When you go to Mexico then and you take some of those skills and you transfer that rights of way will be a key issue. It's very similar on the gas and electric side and in fact there may be cases where the transmission could use some existing rights of way that we've already acquired.
And then, the siting of the line, the ability to work with the agencies, CFE would be the agency that would be bidding these out and we have good experience working with CFE.
And I think having a workforce of several hundred people headquartered in Mexico City that know how to work through these processes, I think that we're in a really good place to enter that area of the business with the experience that we have in Sempra and do quite well in it..
Yeah. And I would just add to that we have developed transmissions lines outside of the U.S. as well. We've been one of the – we've done a good job of building transmission in Chile, we've built some things in Peru. And so it's not – we're not without experience outside of the U.S. as well.
So, I think given the combination of experience that we have and our relationship with the CFE, I think we're in – we should be in very good standing to be competitive in that market..
All right.

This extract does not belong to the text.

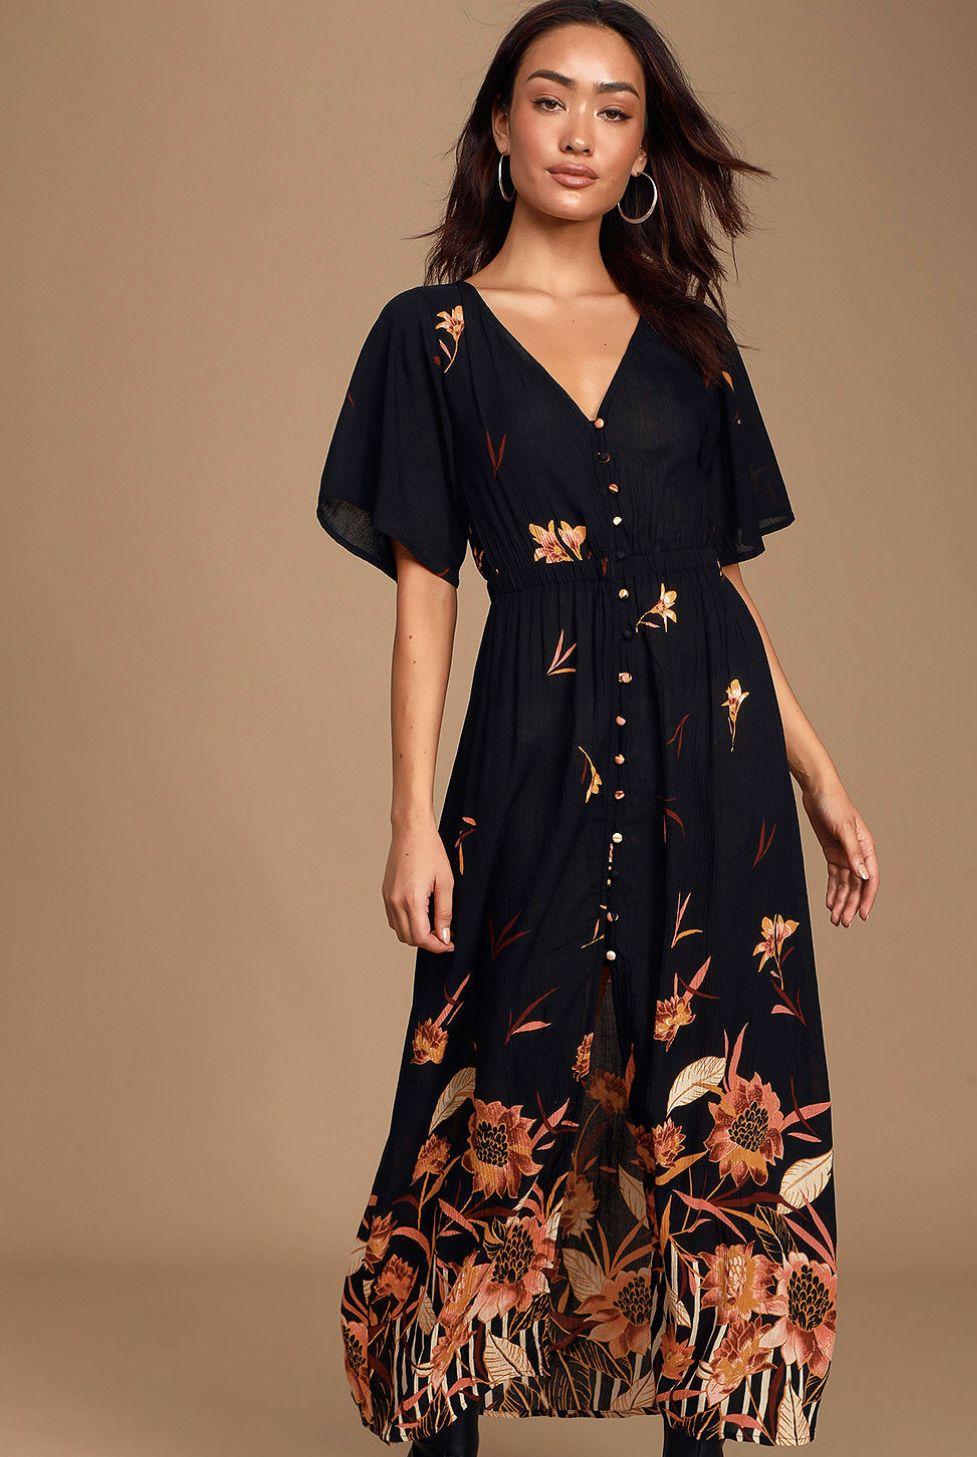 Autumn Breeze Black Floral Print Button Up Maxi Dress in
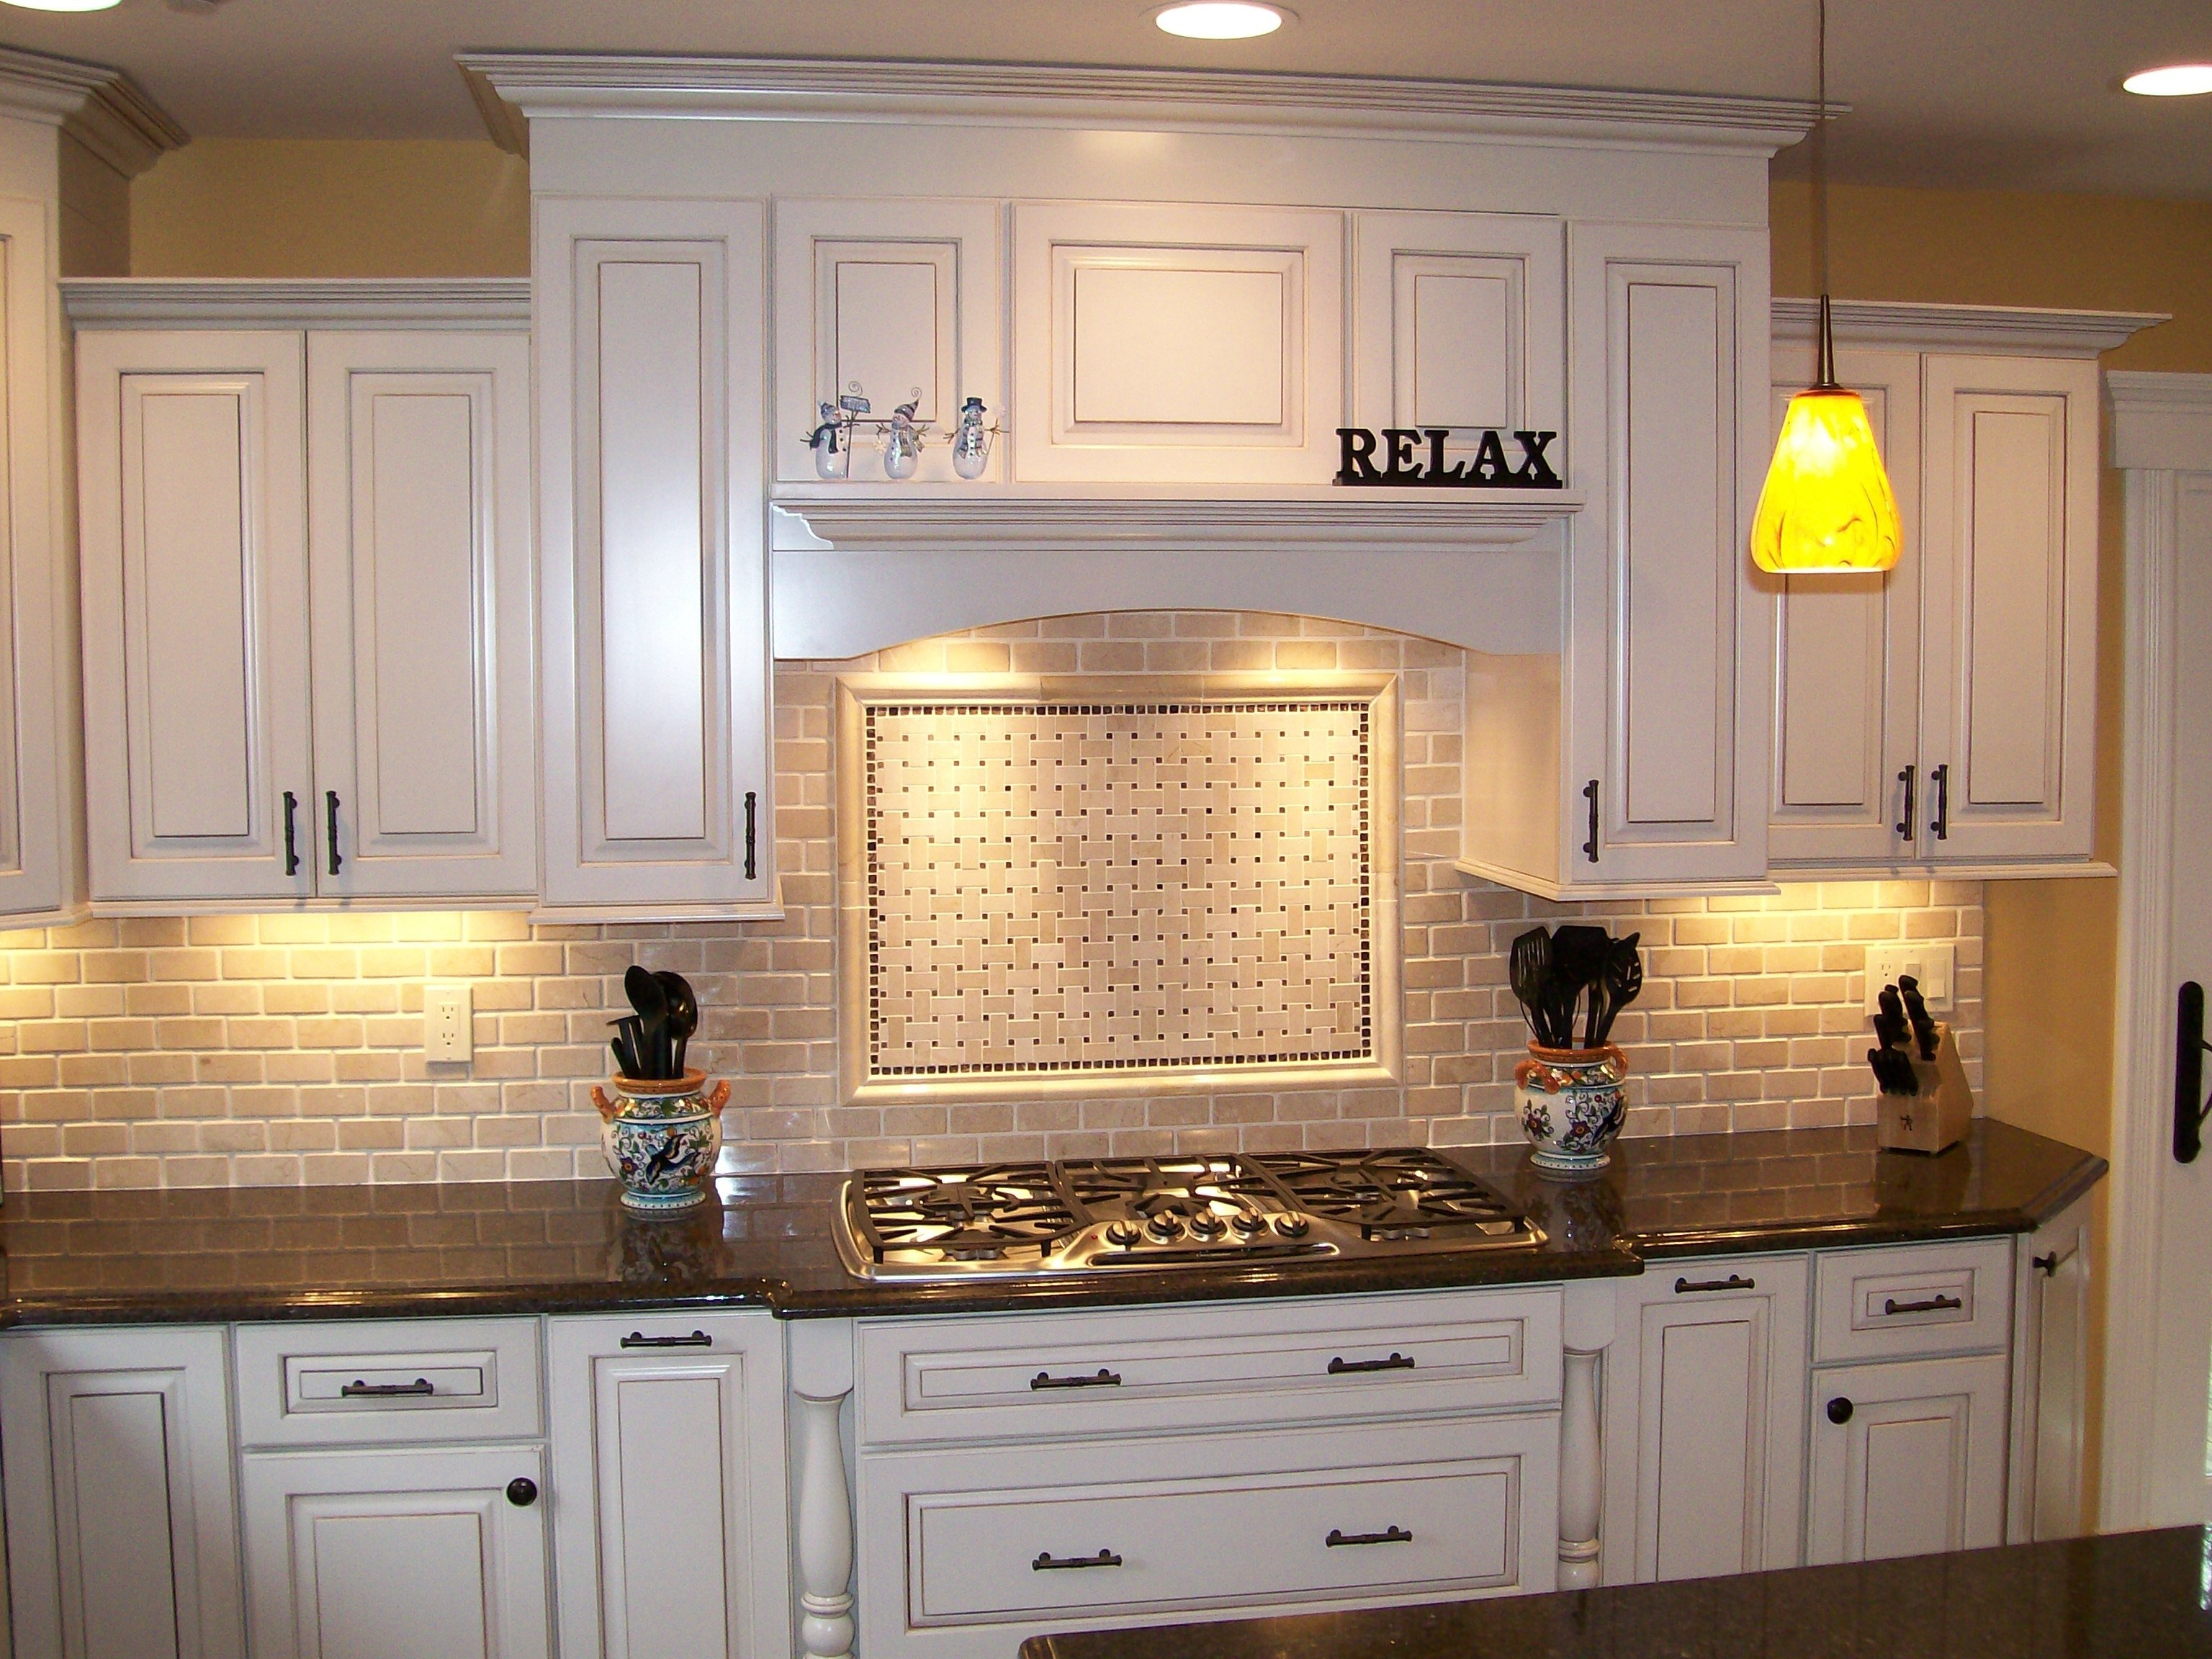 10 Gorgeous Ideas For Kitchen Backsplash With Granite Countertops inspiration kitchen backsplashes kitchen backsplash designs with 1 2020

Thanks for your thoughts, guys..
Sure..
Thank you..
We'll take our next question from Michael Goldenberg with Luminus Management..
Good afternoon..
Hi, Michael..
Hi, Michael..
Hi. I wanted to get more understanding on the guidance and the $0.15. So, you increased the midpoint by $0.25 of which $0.10 is taxes.
Can you maybe help me understand the other $0.15, since it's not PEMEX?.
Well, I think if you look at the strength of our business so far this year, you look at how our performance is all of our businesses, and then you adjust for seasonality at SoCalGas, our utilities are having very strong years, our other businesses are having very strong years.
So, we look at where we are today and where we think that we will be at the end of the year across all of our businesses. And I think everything is doing very well. So, there is not like one thing that's behind it. There is $0.10 for the tax, the repatriation issue, but the rest of it is across our businesses..
So, it's not one specific thing and it's not GRC and it's not PEMEX, right, it's just kind of spread out....
Well, the GRC doesn't take effect until next year. PEMEX will not close until later this year, so it won't be until 2016 earnings. So you won't see the GRC effect until 2016 nor will you see the effect of PEMEX until 2016. So it's neither of those, it's just the strength of our base operations across the board..
And then the other part that I'm trying to understand, since you were raised $0.15 but you kept CAGR as the same, is the starting point now high and thus the ending point will – and is the ending point also higher?.
I'm not sure I understood it..
He is saying we're raising $0.15..
Yes..
But keeping the CAGR the same. I mean, we're not setting a new CAGR. Debbie was talking about our approximately 11% CAGR that was in the Analyst Conference. We're not telling you a new number yet. We'll give you a new guidance when we have the conference or what our 2016 to 2020 number is.
But we've already said we already know that the numbers are all getting higher, because we have $2 billion more projects, we have a number of positive things going for us. So I think you can glean from that that it wasn't lifting up the front and keeping the end smaller, that's not our intent of this conversation..
Yeah. But I will also say that that's a 2015 to a 2019 CAGR. And one of the reasons that has some big effect is that the end of the period what's been great is that we've been able to produce strong results at the beginning of the period.
So that Cameron adds a lot in 2018 and 2019 to that growth rate, but we're also growing our business in a lot of other areas and we've had exceptional performance in safety, reliability, customer and financial performance from our utilities as well as our other businesses..
So, what I'm hearing is both conceptually things are going great and mathematically as well, if we just crunch the numbers....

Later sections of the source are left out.